▶ **WHAT THE EXERCISE ASKS**
Restate word for word the entries below, starting at the line with "TRANSPORTATION RESEARCH RECORD" and ending at the line with "Early 20th Century Indian Agra Rug". Keep both end lines and omit the pictures.
(DATA FOR THIS TASK)
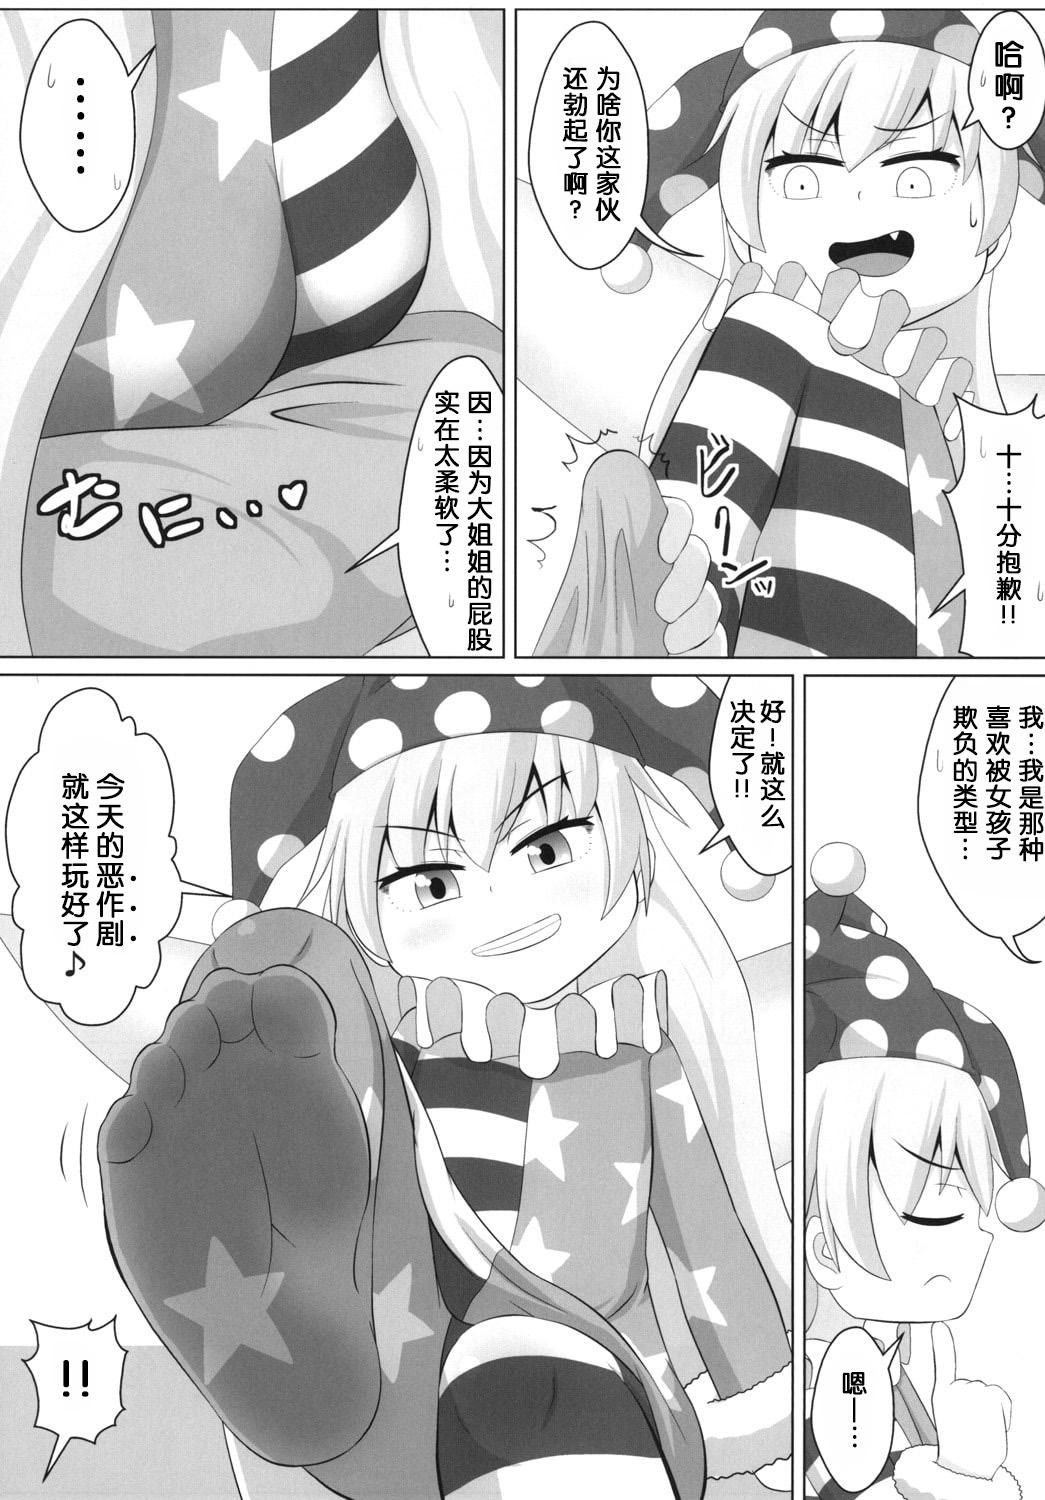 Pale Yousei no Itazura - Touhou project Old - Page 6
(End DATA FOR THIS TASK)
(DATA FOR THIS TASK)
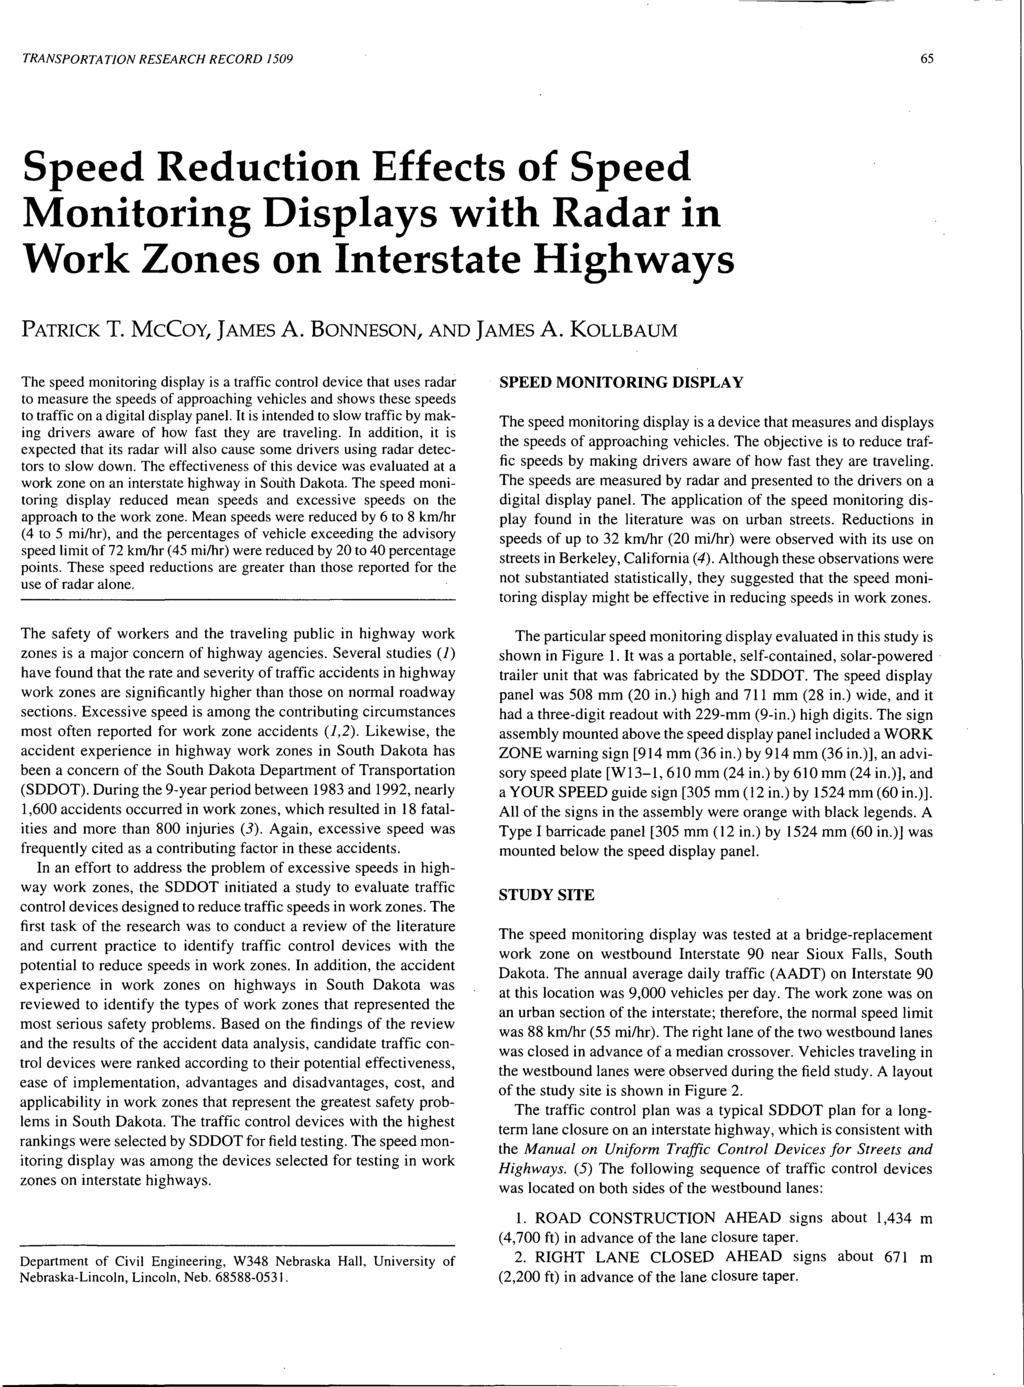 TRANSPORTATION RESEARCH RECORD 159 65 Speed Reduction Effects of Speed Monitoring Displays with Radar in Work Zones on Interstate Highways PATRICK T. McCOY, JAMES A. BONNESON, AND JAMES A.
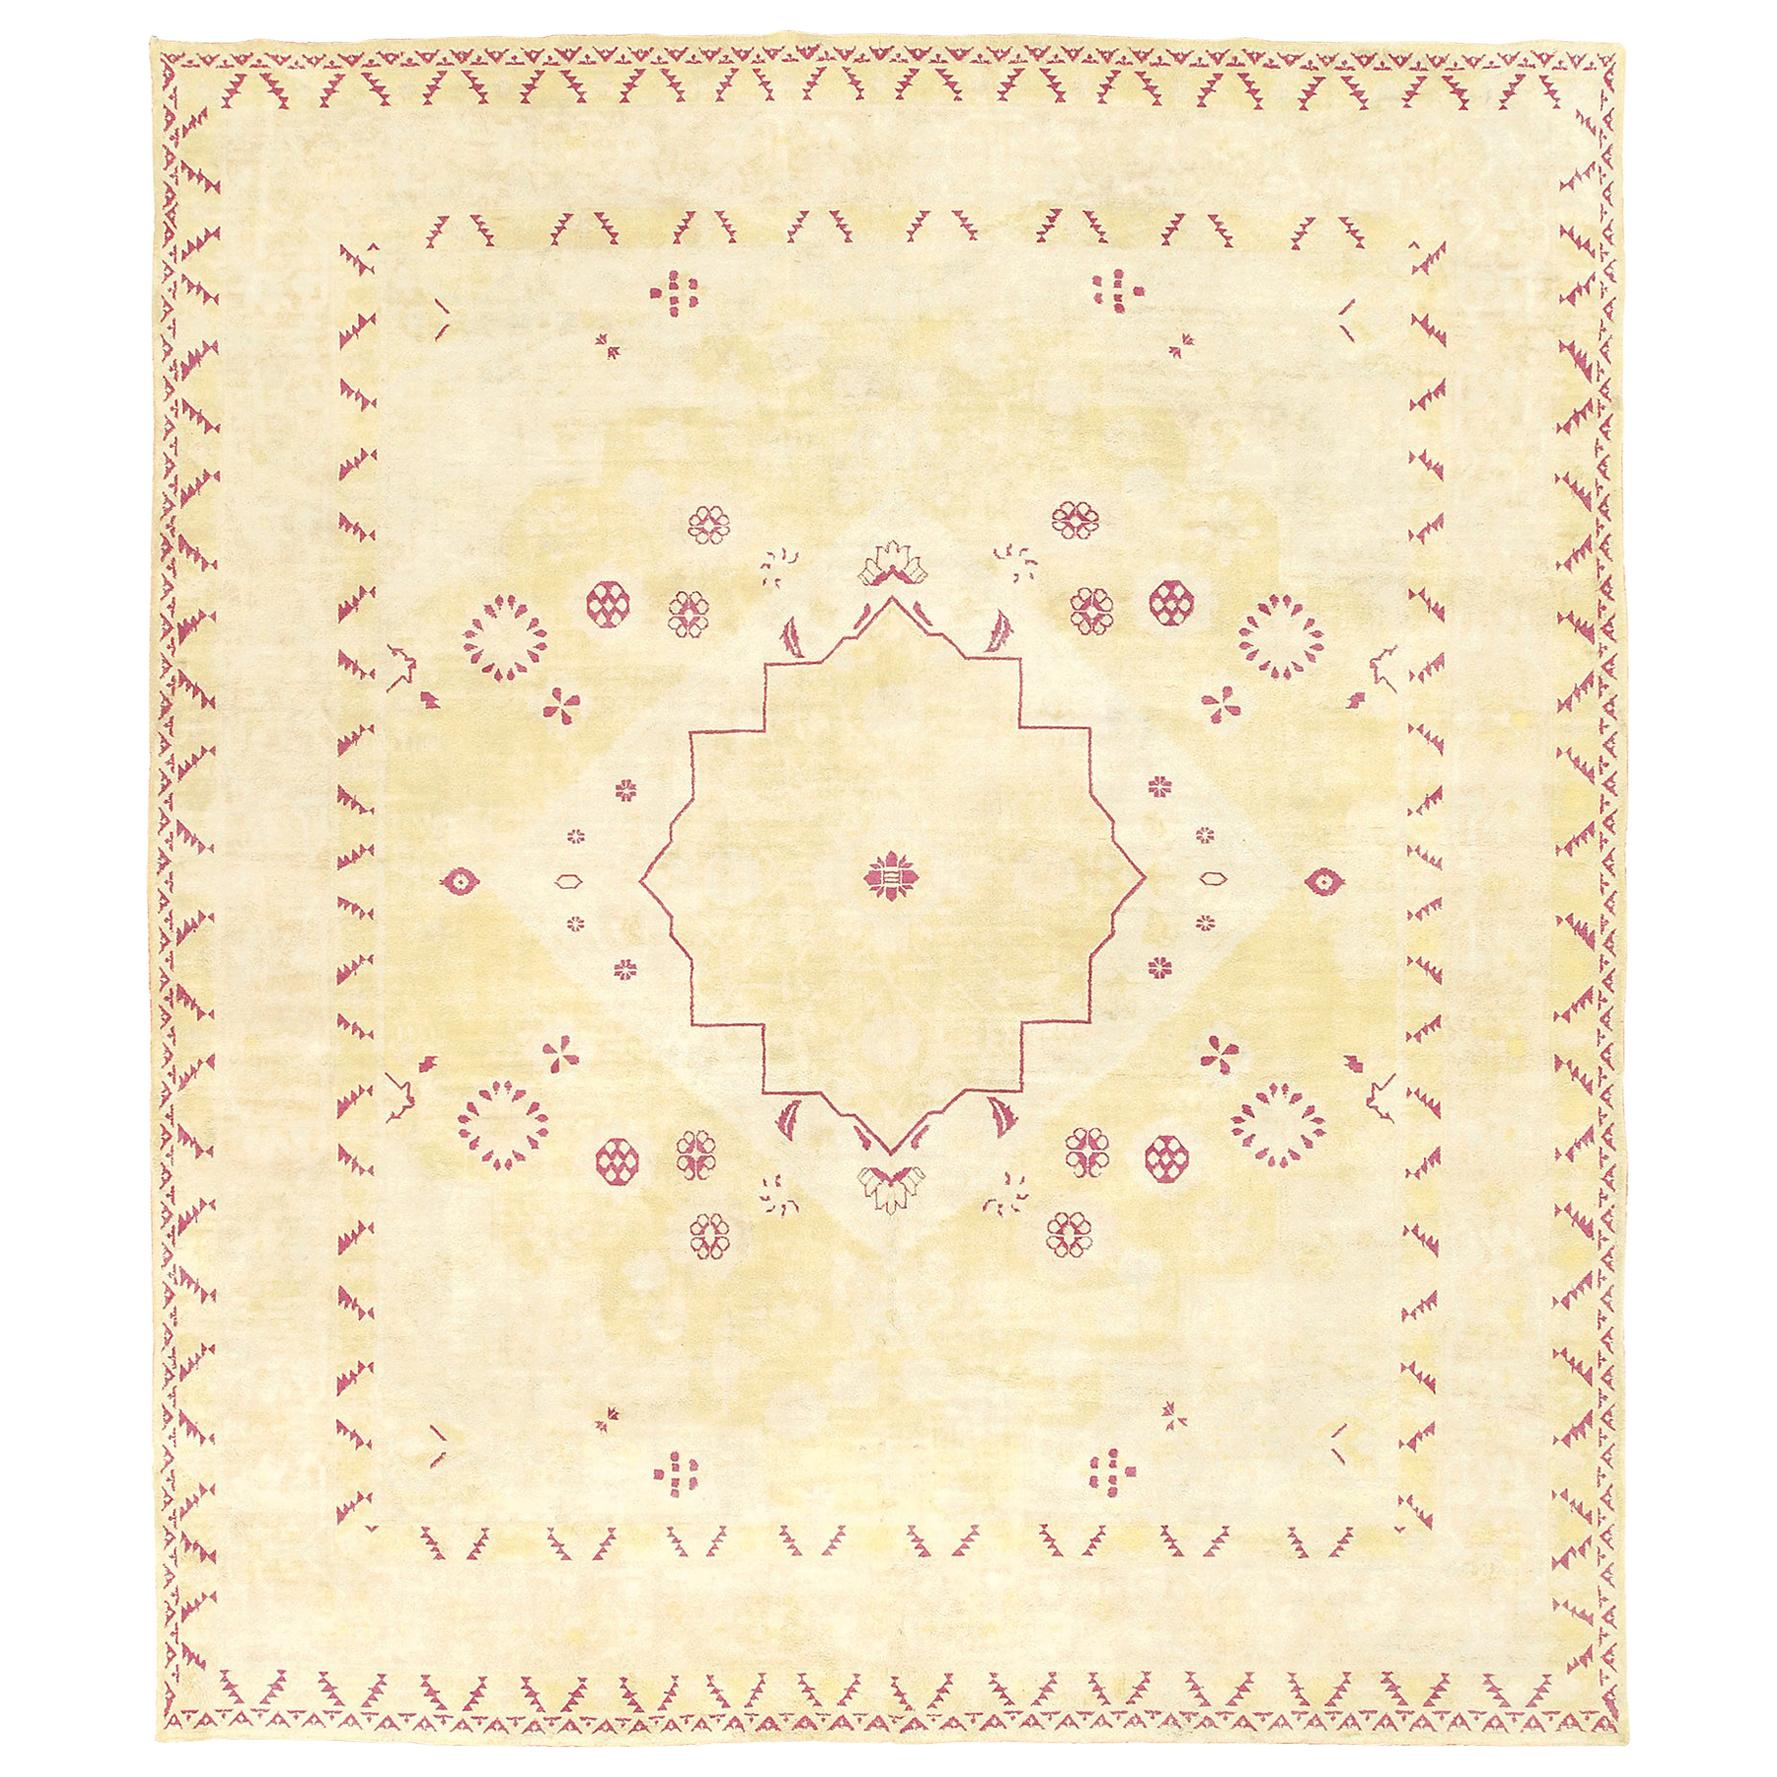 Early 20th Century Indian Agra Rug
(End DATA FOR THIS TASK)
▶ **COMPLETED EXERCISE**
 TRANSPORTATION RESEARCH RECORD 159 65 Speed Reduction Effects of Speed Monitoring Displays with Radar in Work Zones on Interstate Highways PATRICK T. McCOY, JAMES A. BONNESON, AND JAMES A.
 Early 20th Century Indian Agra Rug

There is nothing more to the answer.